This medical condition has either been superseded or has become inactive
Specific Conditions
  • Acute leukaemia
  • Chronic lymphocytic leukaemia (CLL)
  • Memory B cell deficiency secondary to haemopoietic stem cell transplantation (HSCT)
  • Multiple myeloma (MM)
  • Non-Hodgkin lymphoma (NHL)
  • Other Haematological malignancy
Indication for Ig Use
  • Prevention of recurrent bacterial infections due to hypogammaglobulinemia associated with haematological malignancies or post haemopoietic stem cell transplant
Level of Evidence Evidence of probable benefit – more research needed (Category 2a)
Description and Diagnostic Criteria The manifestations of haematological malignancies can include a wide range of symptoms and physical and laboratory abnormalities in an individual patient. For diagnostic criteria, refer to the current World Health Organization classification criteria.

A diagnosis of bronchiectasis or suppurative lung disease in patients on Ig therapy must be consistent with the guideline of the Thoracic Society of Australia and New Zealand (Chang AB et al 2014).

Secondary hypogammaglobulinaemia may occasionally be complicated by a disseminated enterovirus infection, particularly in patients who have received B cell depletion therapy for a B cell lymphoproliferative disorder.
Justification for Evidence Category One small crossover study of 12 patients with chronic lymphocytic leukaemia (CLL) or non-Hodgkin lymphoma (NHL) reported that the number of serious bacterial infections was significantly decreased (p = 0.001) in the months in which patients received IgG every three weeks for one year. Serious bacterial infections showed a trend to be associated with an IgG level less than 6.4 g/L.
 
Three randomised controlled trials (RCTs) and one crossover trial of low–moderate quality reported a reduction in infection rates in CLL patients with hypogammaglobulinaemia after three to four-weekly administration of IVIg for one year.
 
One placebo-controlled RCT of monthly IVIg given to eighty two multiple myeloma (MM) patients for one year (with 22 withdrawing due to reaction) concluded that IVIg protects against life-threatening infections and significantly reduces risk of recurrent infections. The greatest benefit was seen in individuals who had a poor response to pneumococcal vaccine. A small prospective RCT with 30 MM patients reported a possible decrease in symptoms of chronic bronchitis.
 
A systematic review and meta-analysis (Raanani 2009) of patients undergoing HSCT [60 trials (greater than four thousand patients)] reported an increased risk of veno-occlusive disease with no survival benefit particularly in studies conducted since 2000. The authors concluded that routine prophylaxis with IVIg is not supported, but suggest that its use may be considered in lymphoproliferative disorder patients with hypogammaglobulinaemia and recurrent infections, for reduction of clinically documented infections.
Diagnosis Requirements

A diagnosis must be made by an Immunologist, Haematologist, Paediatrician, General Medicine Physician or an Oncologist.

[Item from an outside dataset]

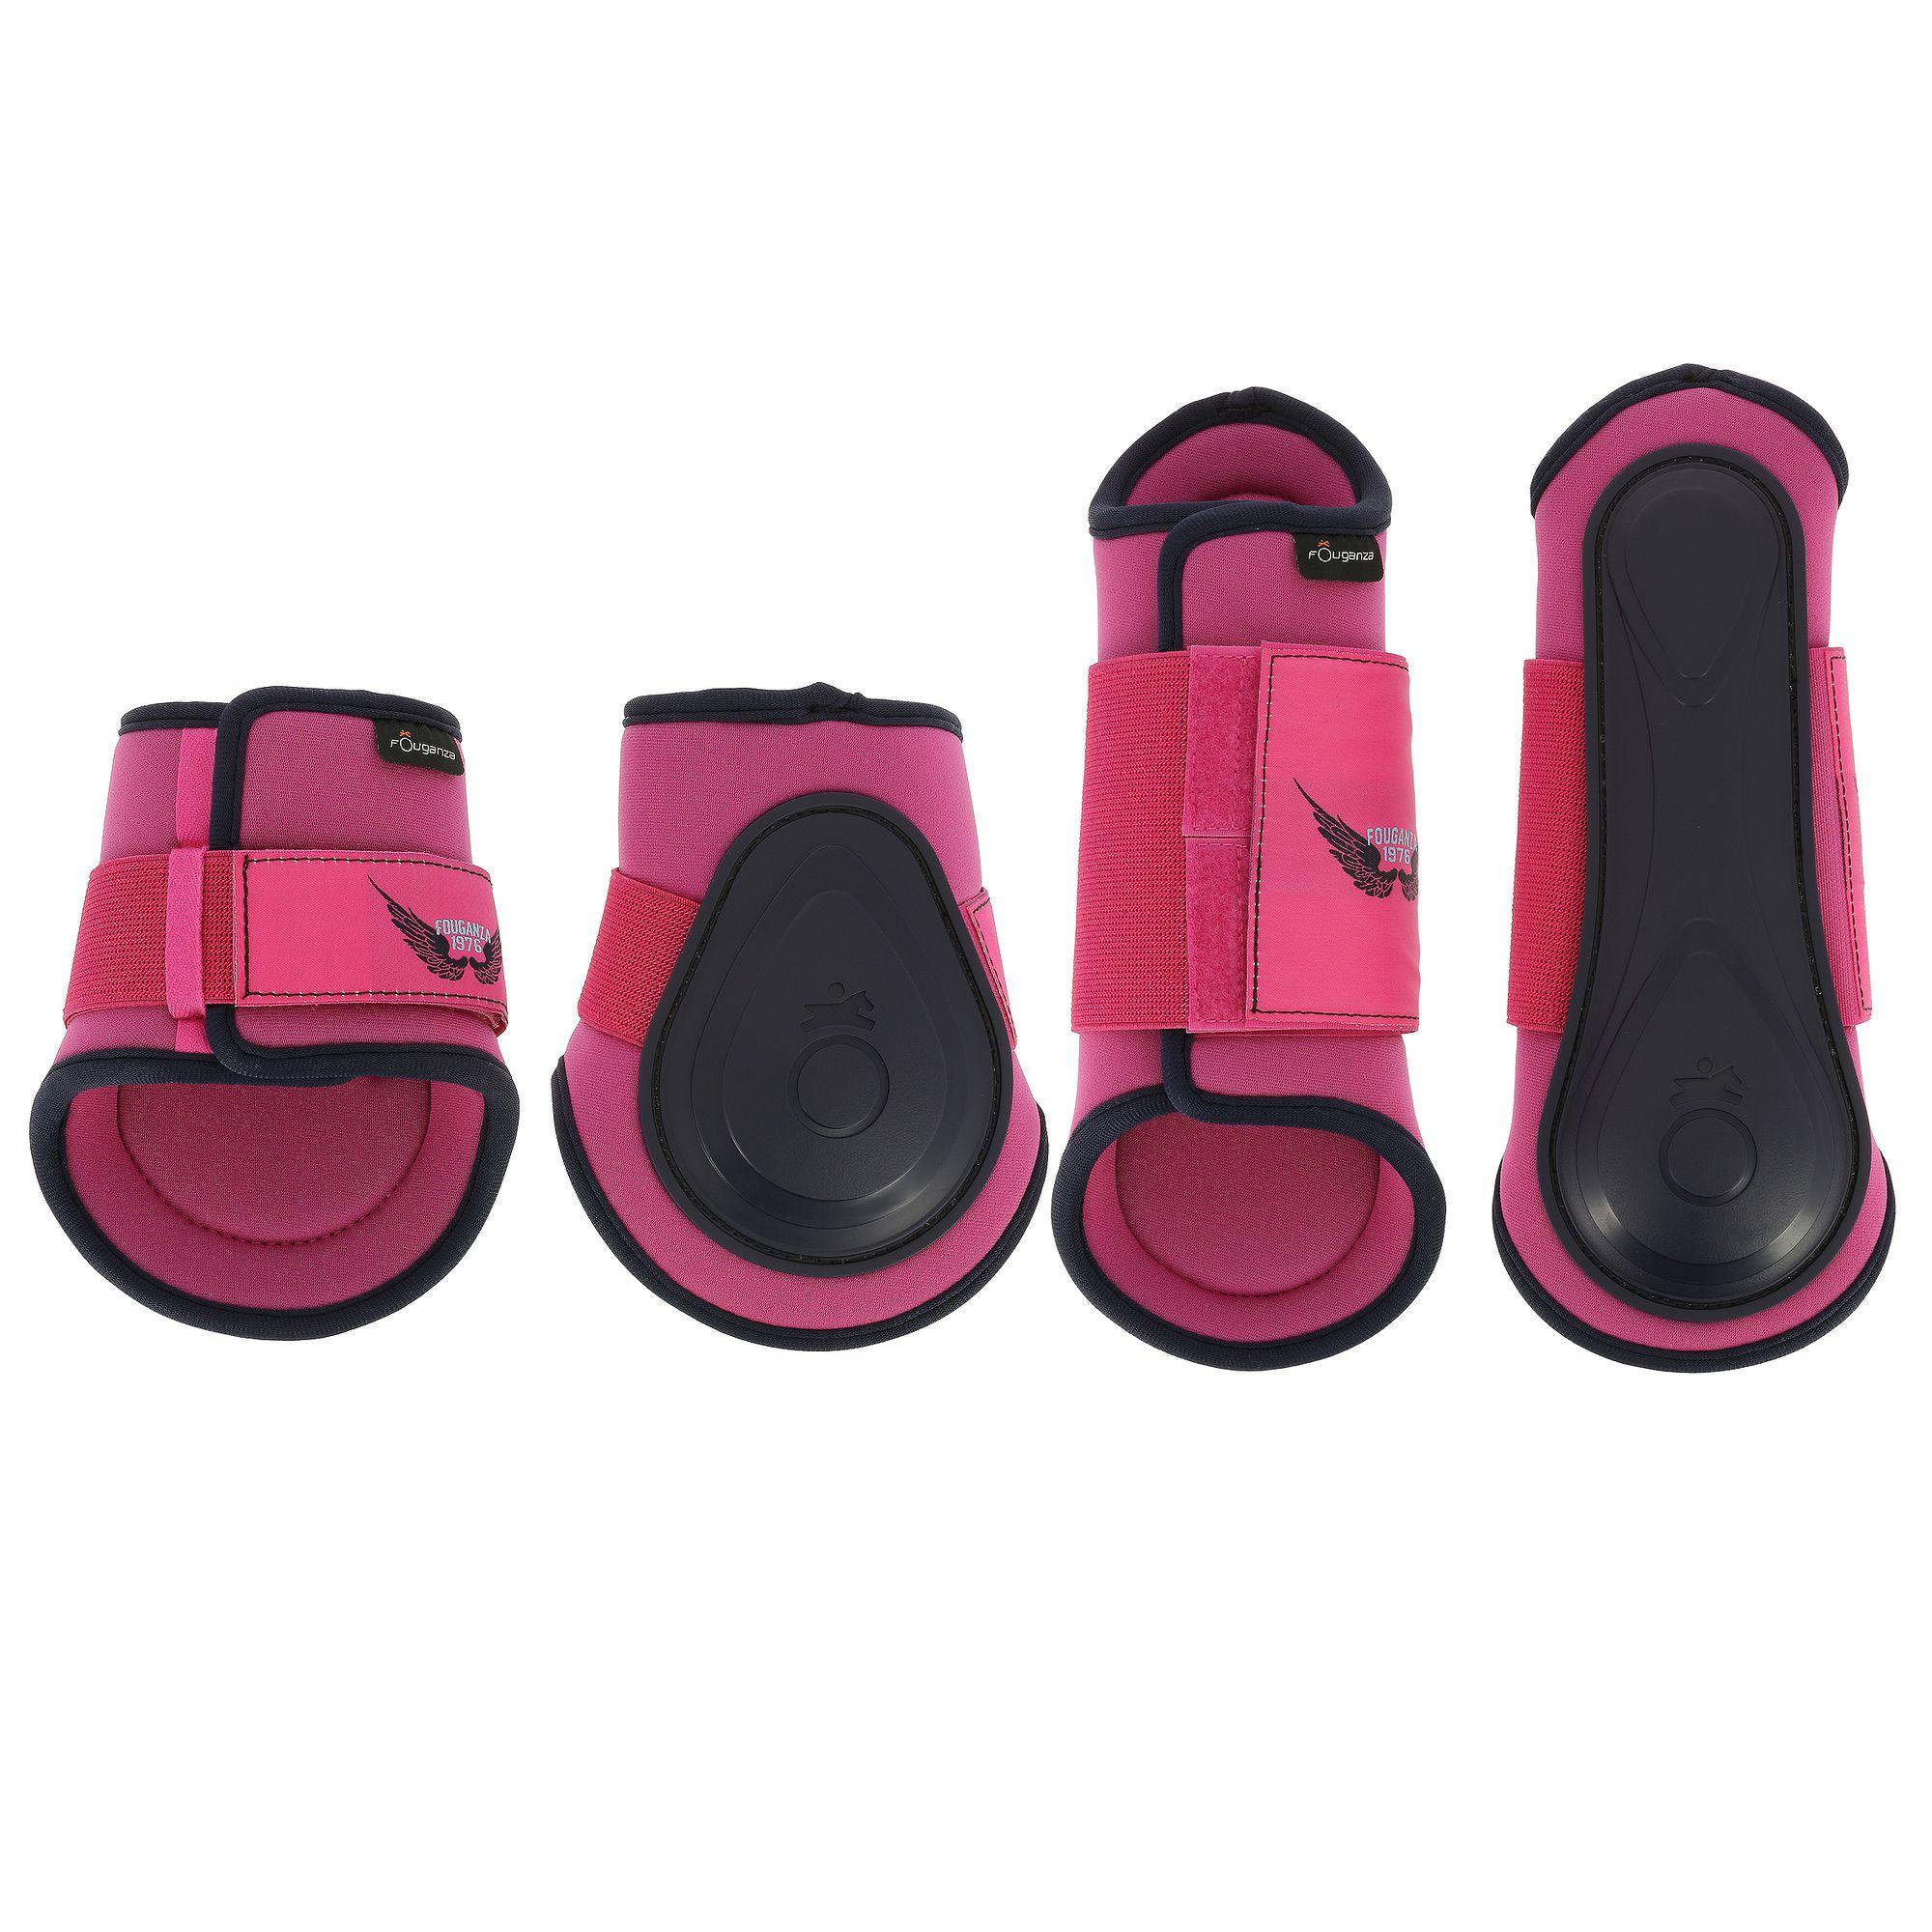 Fouganza Set van 2 pees- en 2 kogelbeschermers Soft ruitersport roze/marine - pony/paard

Qualifying Criteria for Ig Therapy
Serum IgG to be measured on two separate occasions (at least one hour apart and at least one sample taken when the patient does not have an active infection). Baseline serum levels of IgA and IgM should be provided to allow assessment of immune recovery at review.
 
  • Significant hypogammaglobulinaemia with serum IgG less than 4g/L (excluding paraprotein) regardless of the frequency and severity of infections
  • OR
  • Serum IgG (excluding paraprotein) greater than 4g/L but less than the lower limit of the age related reference range with at least one life threatening infection in the last 12 months
     
  • OR
  • Serum IgG (excluding paraprotein) greater than 4g/L but less than the lower limit of the age related reference range with at least two serious infections in the last six months requiring more than standard courses of antibiotics (e.g. hospitalisation, intravenous or prolonged antibiotic therapy)
     
Initial review is required within six months by a haematologist, general physician or paediatrician and ongoing reviews at least annually to assess clinical benefit.
 
In principle, Ig should be continued or renewed only if there is a demonstrated clinical benefit; therefore documentation of clinical effectiveness is necessary for continuation of Ig therapy.
 
Cessation of Ig therapy should be considered at least after each 12 months of treatment. If serum IgM and IgA levels are trending upwards and near normal, this may suggest recovery of the immune system and a trial might be considered if the patient is well. Once the patient has normal IgA and IgM levels, the IgG is also likely to be normal and a trial off therapy may be undertaken. Ig therapy should be extended as required to enable cessation of therapy in September/October, with repeat clinical and/or immunological evaluation before recommencement of therapy.
 
Antibiotic therapy may be indicated in addition to Immunoglobulin therapy.
 
Exclusion Criteria Solid organ transplantation
  - see  Solid organ transplantation
B cell depletion therapy
  - see  Secondary hypogammaglobulinaemia (including iatrogenic immunodeficiency)
Thymoma-associated hypogammaglobulinaemia (Goods Syndrome)
 
Transplantation-related immunomodulatory therapy
 
Disseminated enterovirus infection without hypogammaglobulinaemia
 
Review Criteria for Assessing the Effectiveness of Ig Use
Initial review is required within six months by a haematologist, immunologist, general physician, oncologist or paediatrician and ongoing reviews at least annually to assess clinical benefit.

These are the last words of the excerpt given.